Just to clarify, because it’s confusing to me.  The sets E that are the “elements” of the matroid are edges in the graph, and the families F are collections of edges.  We just found a collection of 4 edges that will be in all three families.

The reduction: G&J don’t give a reference to this problem, but suggest using 3DM. In my searches, I found that Wikipedia and this set of lecture notes from MIT both want to use Hamiltonian path between two vertices.   (Notice that the “corrected” reduction for HP actually specifies the two vertices to connect between, so the HP reduction also proves this variant).  Here is my explanation of the reduction in the MIT lecture notes.  The class was taught by Michael Goemans, and I got the notes from his web site.

So, we start with an instance of HP- a possibly directed graph G=(V,E), and two special vertices s and t that we want to see if there is a Hamiltonian Path between.  We build the three matroids described in the examples based on using the edge set E: One based on forests in E, one based on collections of edges that have indegree at most 1 on each vertex, and one based on collections of edges that have outdegree at most 1 on each vertex.  Set K = |V|-1.

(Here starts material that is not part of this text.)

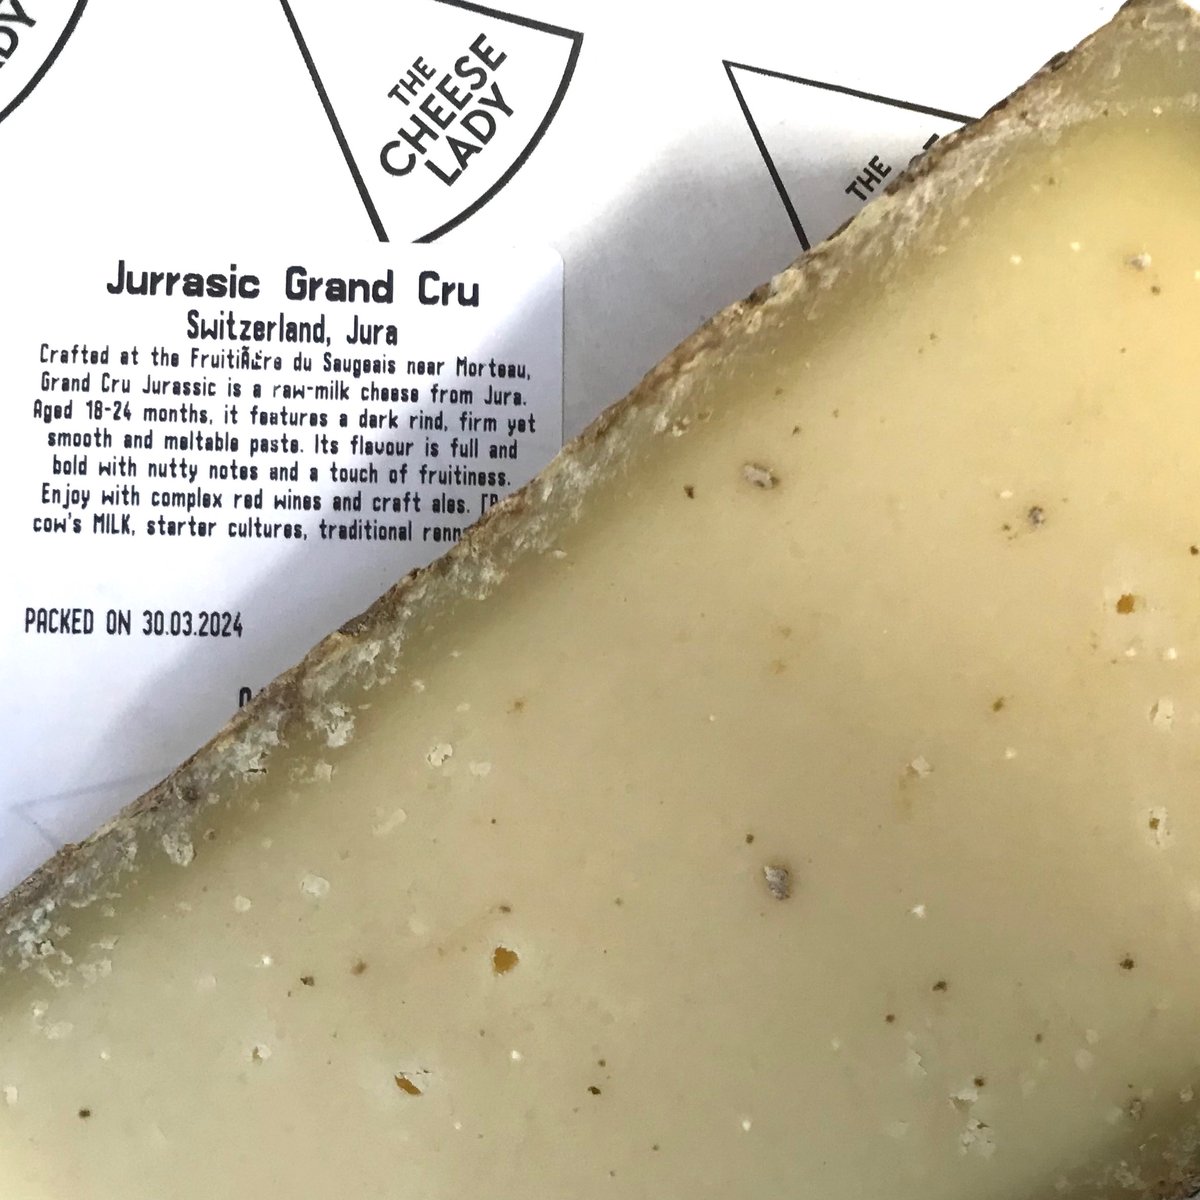 Found the perfect geological cheese at my local cheese shop today and just had to have some, typo notwithstanding! #Jurassic

Notice that an intersection of these three matroids has to be a collection of paths that do not encounter the same vertex twice.  If we can create a collection that has K edges in it, the path will start at s (because F2 ensures that no edges going into s will be part of the intersection), encounter each vertex once (because F1 ensures that we have no cycles, and thus hit each vertex at most once), and end at t (because F3 ensures that no edges leaving t will be part of the intersection).  Thus, we have an intersection of K edges if and only if V has a Hamiltonian cycle.

Difficulty: It’s an 8 for me.  Since this is taught in a relatively small part of one lecture of a class (yes, a class at MIT, but still just a class), presumably it may be less for other people.  But I have a lot of trouble thinking in terms of matroids, and even now, I’m not really convinced that the three families of edges we create are polynomial in size.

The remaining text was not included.